## [RECORDS PROVIDED]
++++++++++
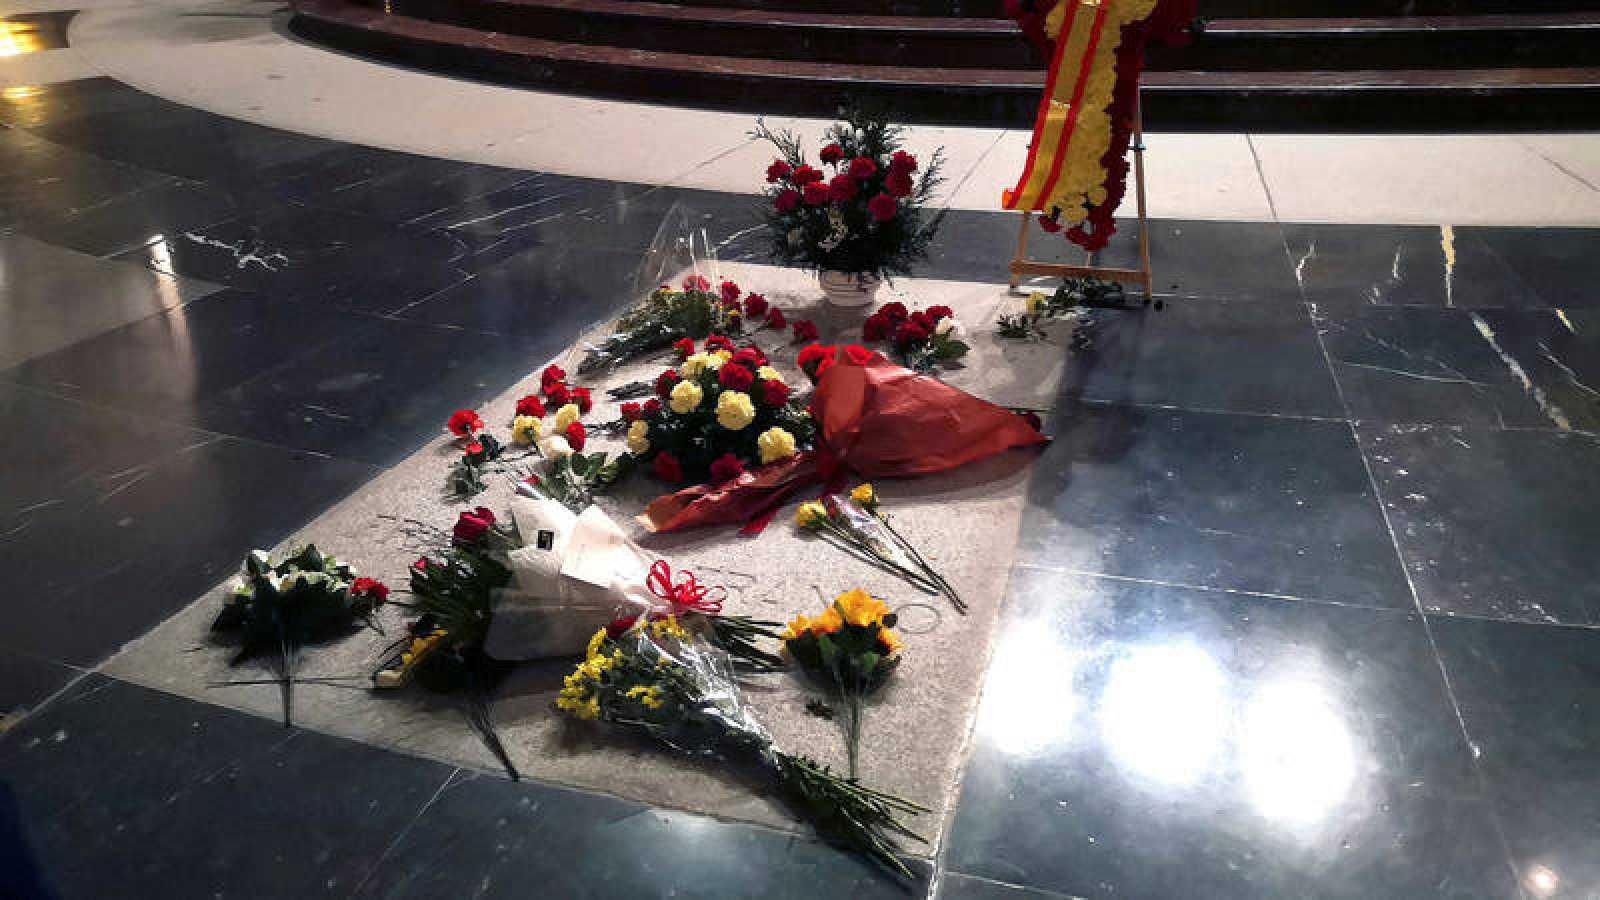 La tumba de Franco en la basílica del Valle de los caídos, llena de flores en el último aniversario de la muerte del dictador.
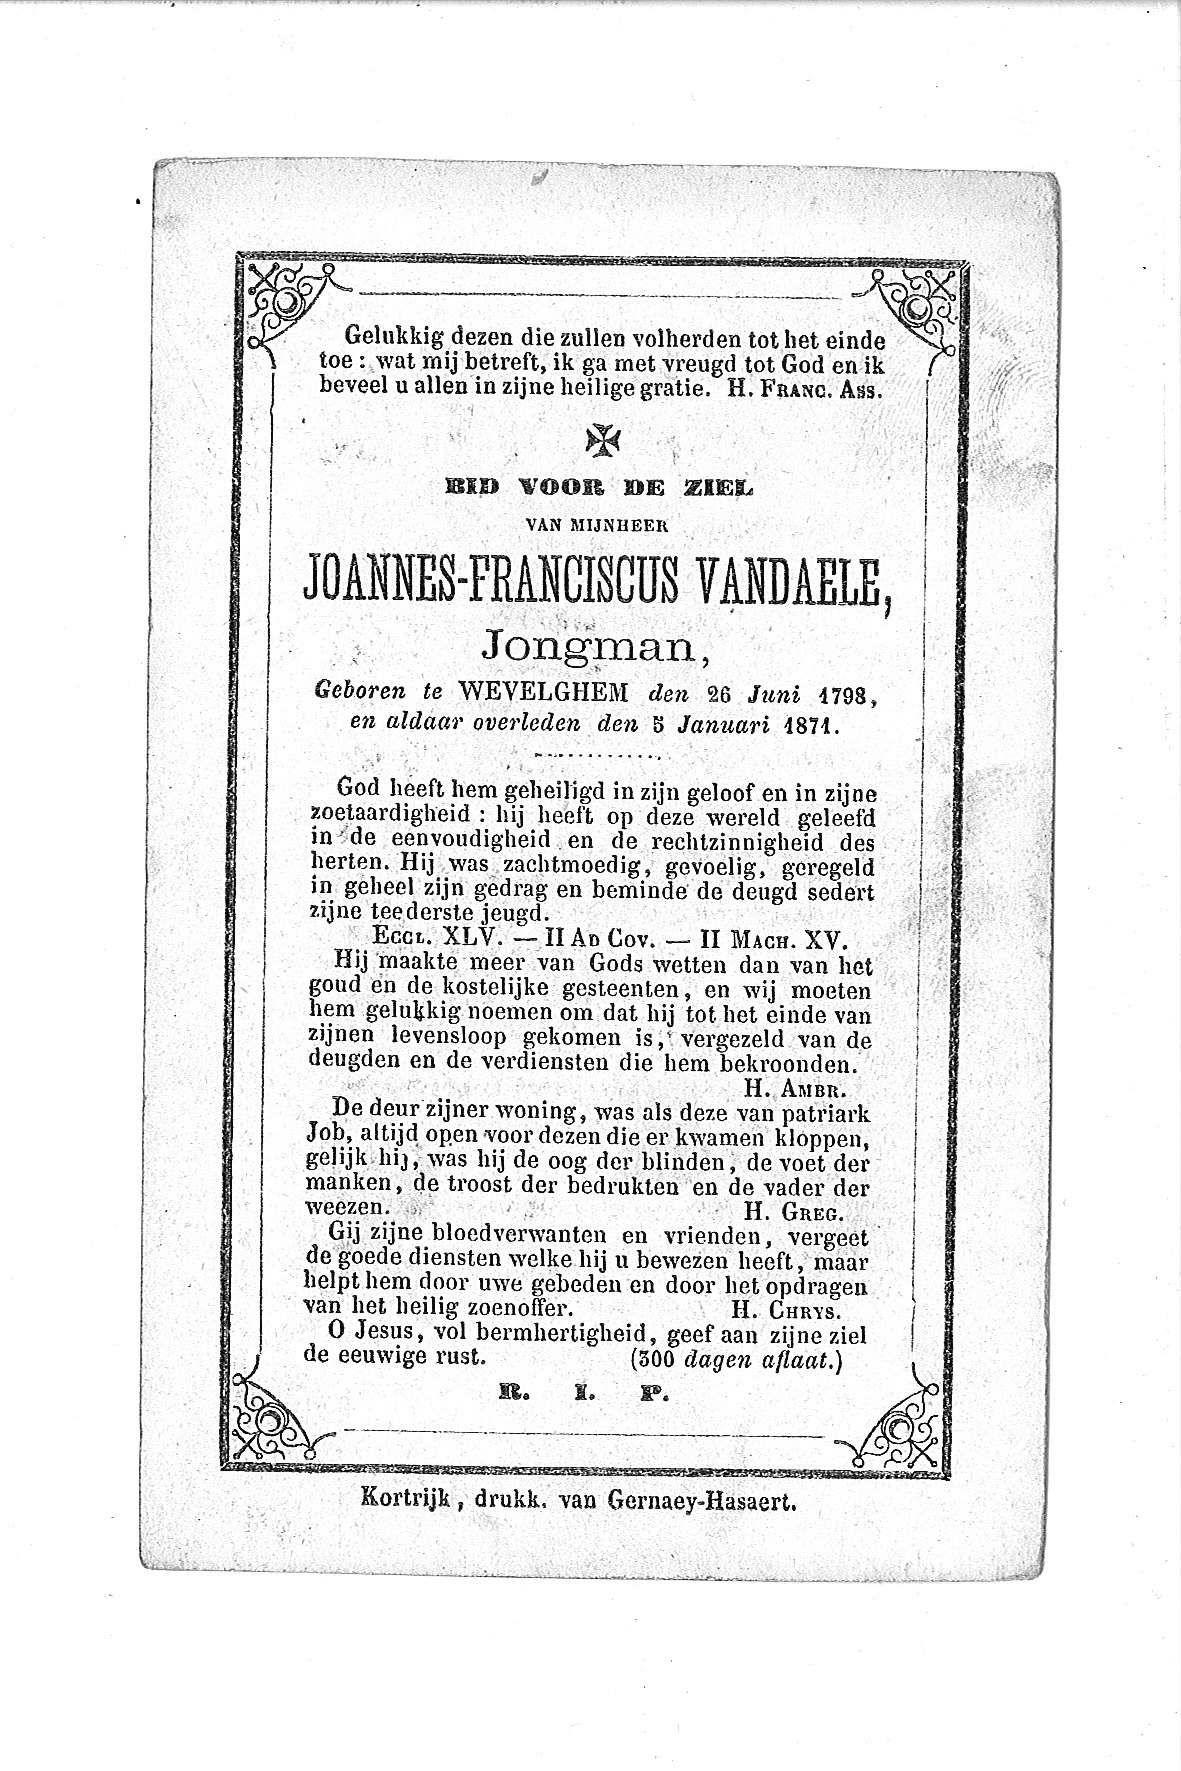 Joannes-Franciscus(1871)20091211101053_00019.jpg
++++++++++
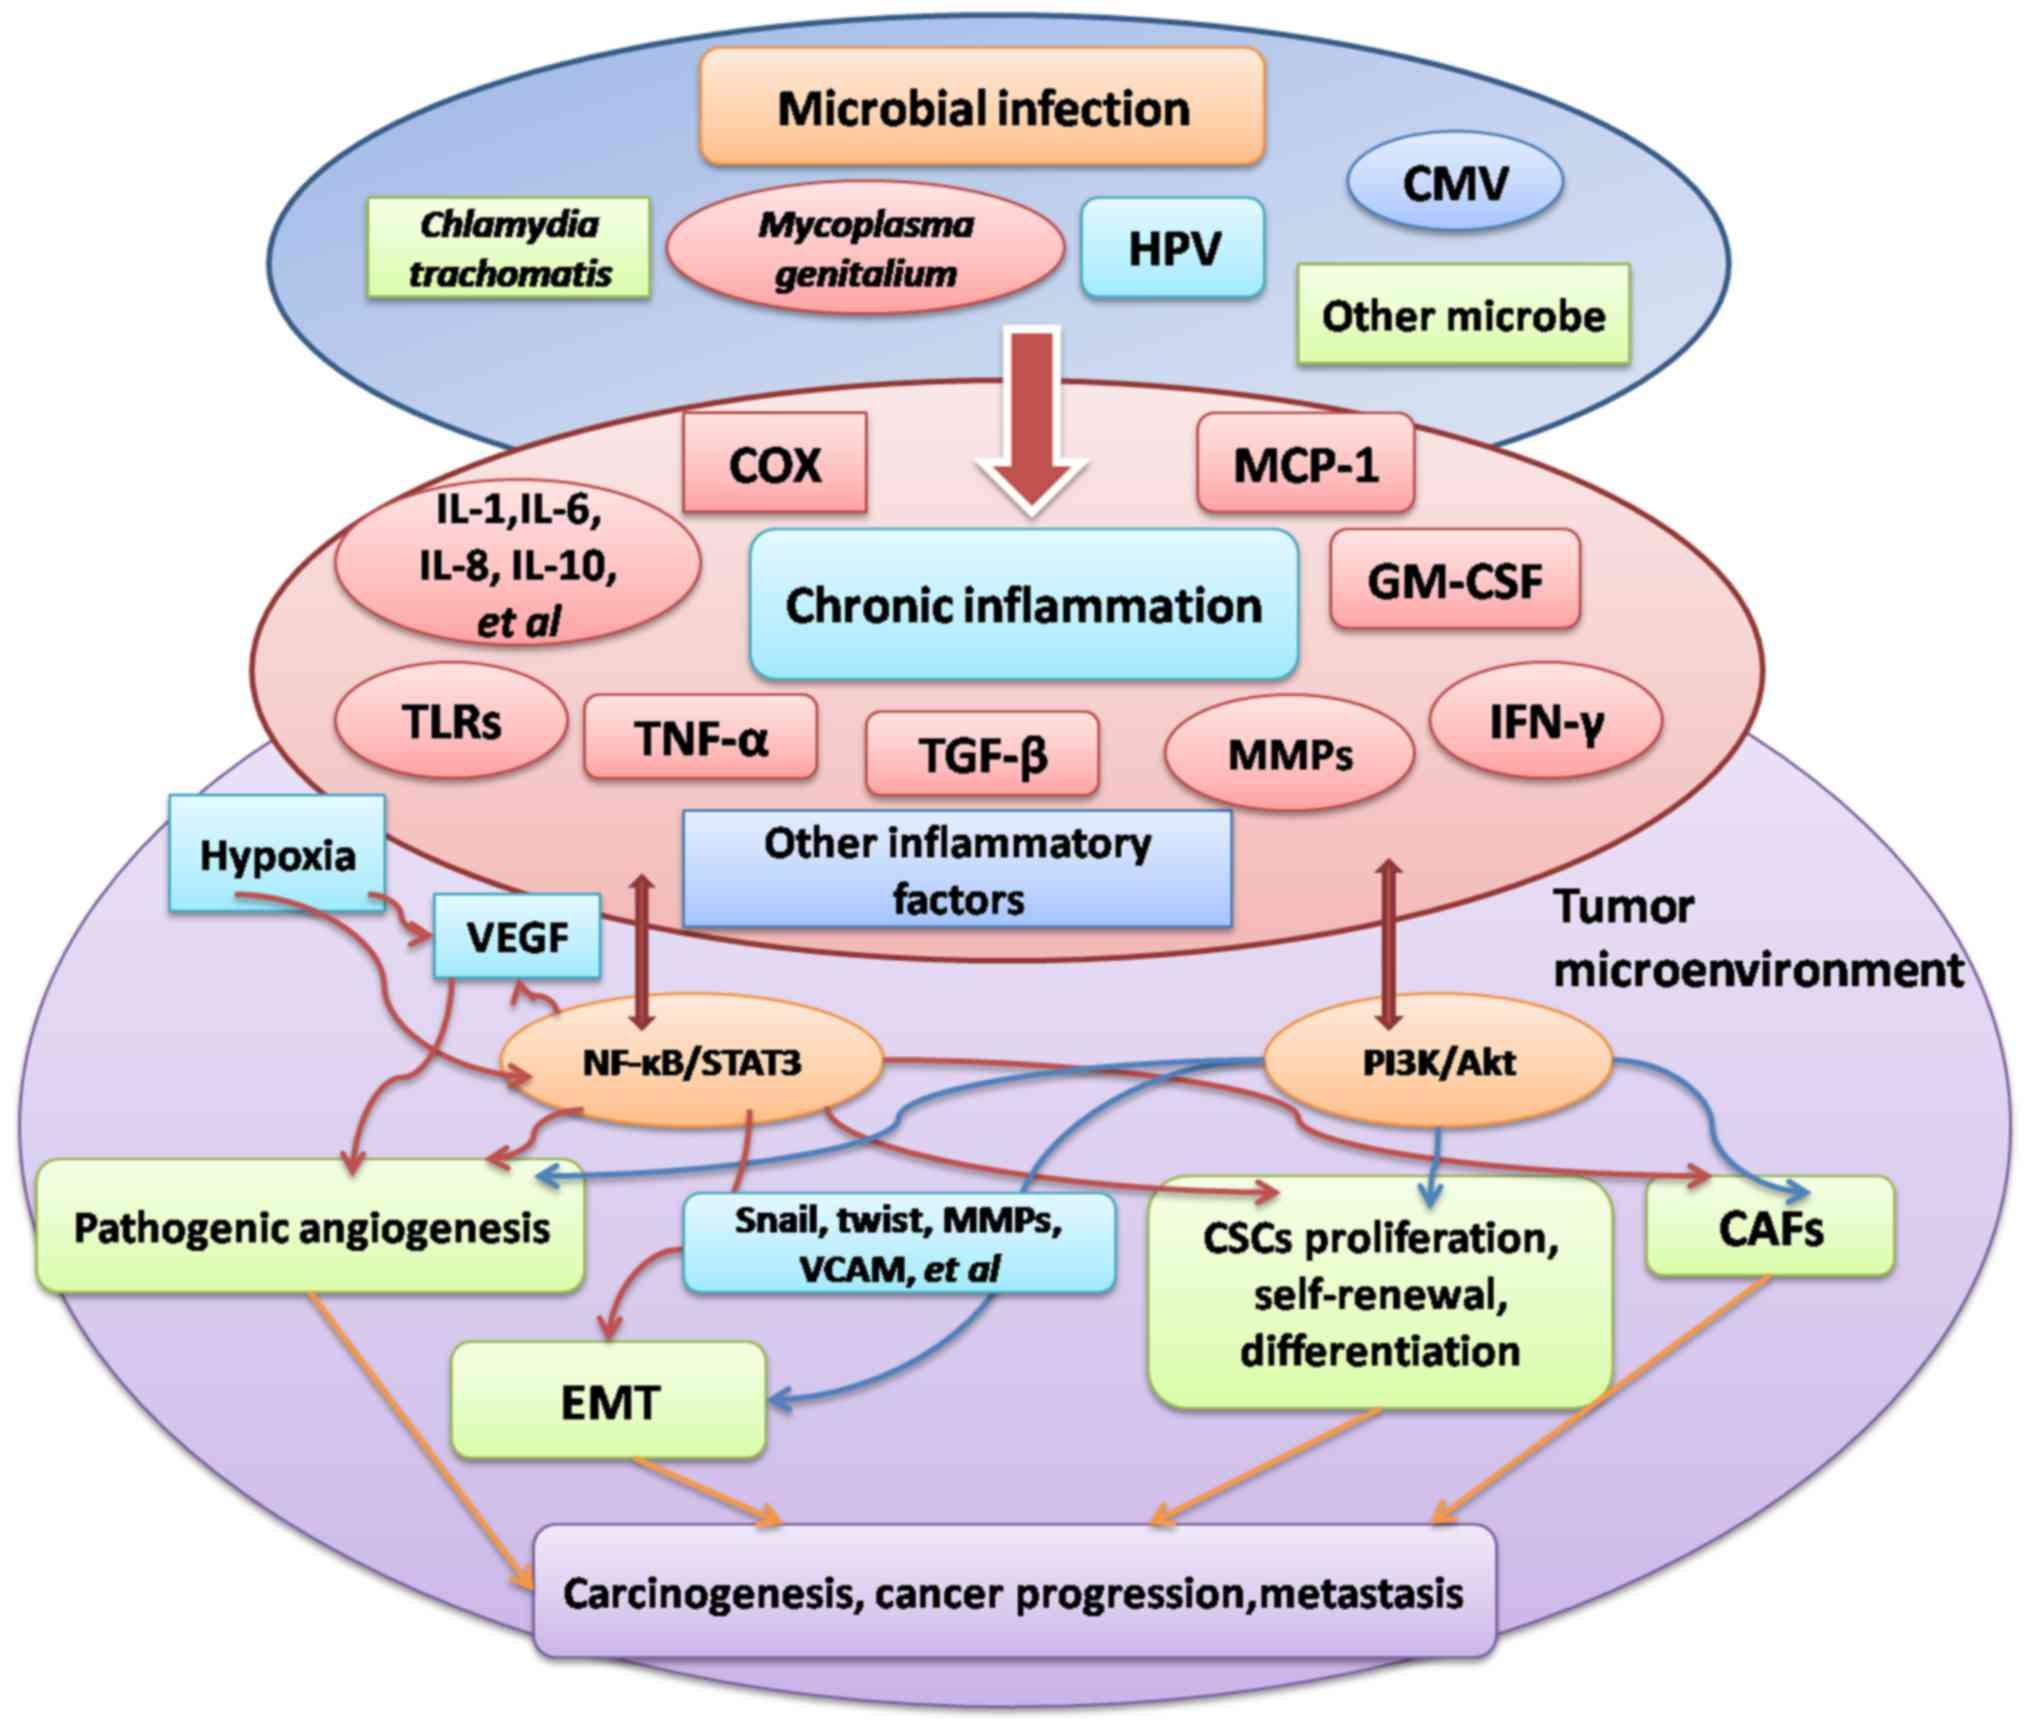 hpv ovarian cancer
++++++++++
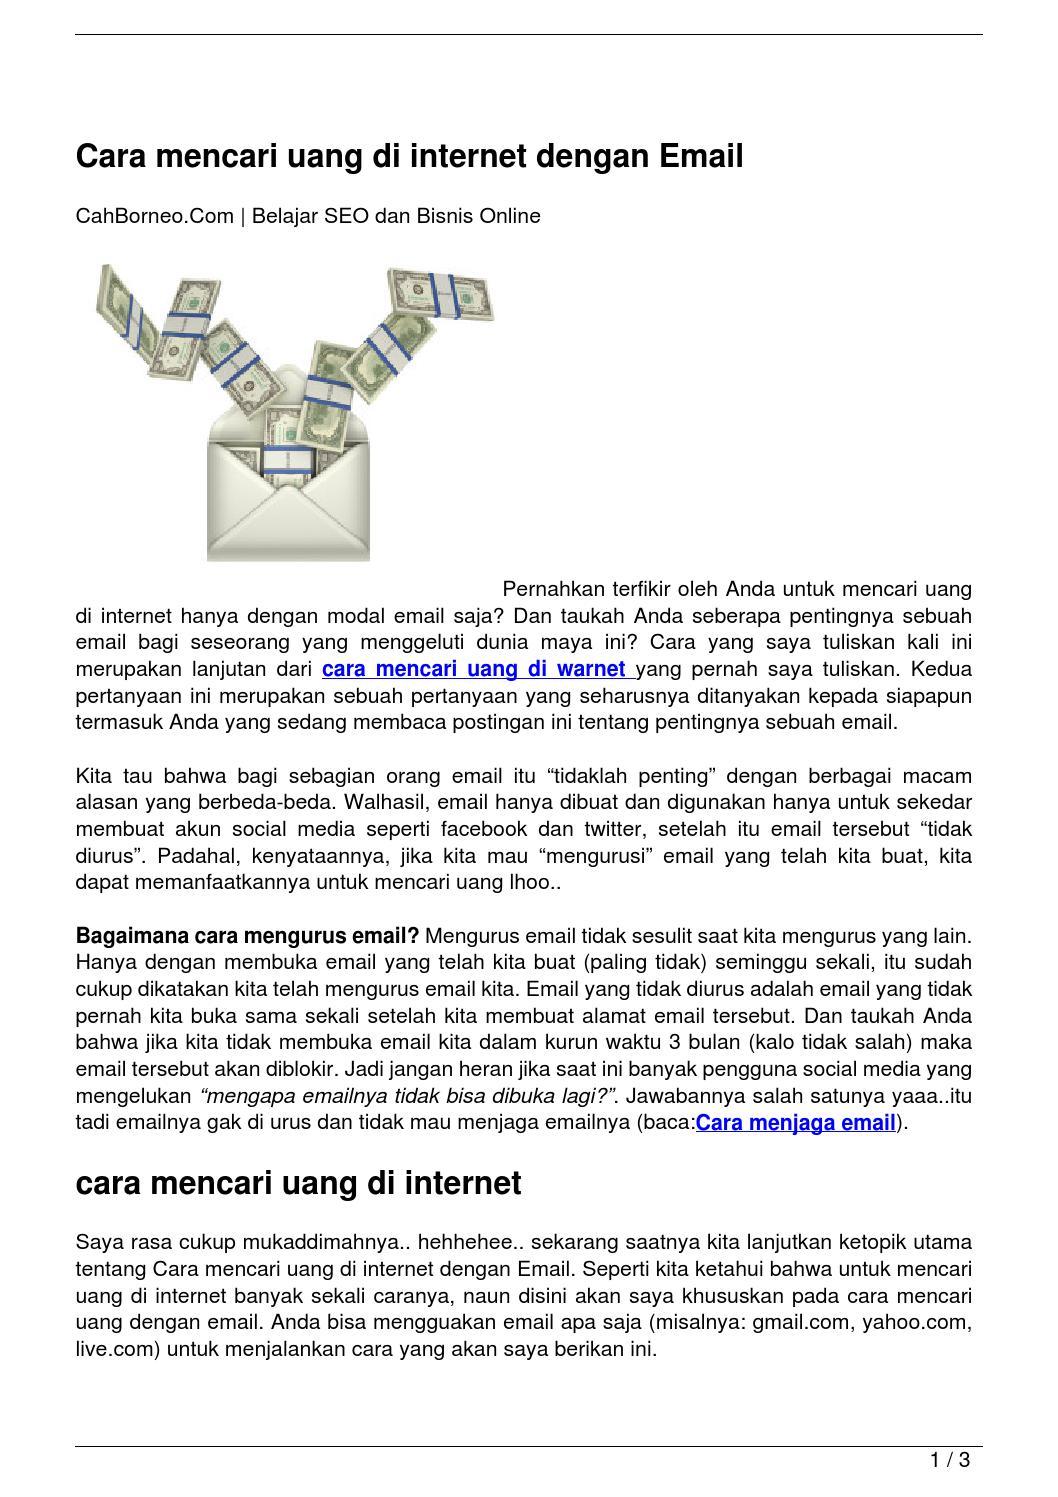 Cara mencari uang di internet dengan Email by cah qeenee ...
++++++++++
Set down, exactly as written above, each line from the one with "La tumba de" through the one with "Joannes-Franciscus(1871)20091211101053_00019.jpg", and skip the pictures.

## [REPLY]
 La tumba de Franco en la basílica del Valle de los caídos, llena de flores en el último aniversario de la muerte del dictador.
 Joannes-Franciscus(1871)20091211101053_00019.jpg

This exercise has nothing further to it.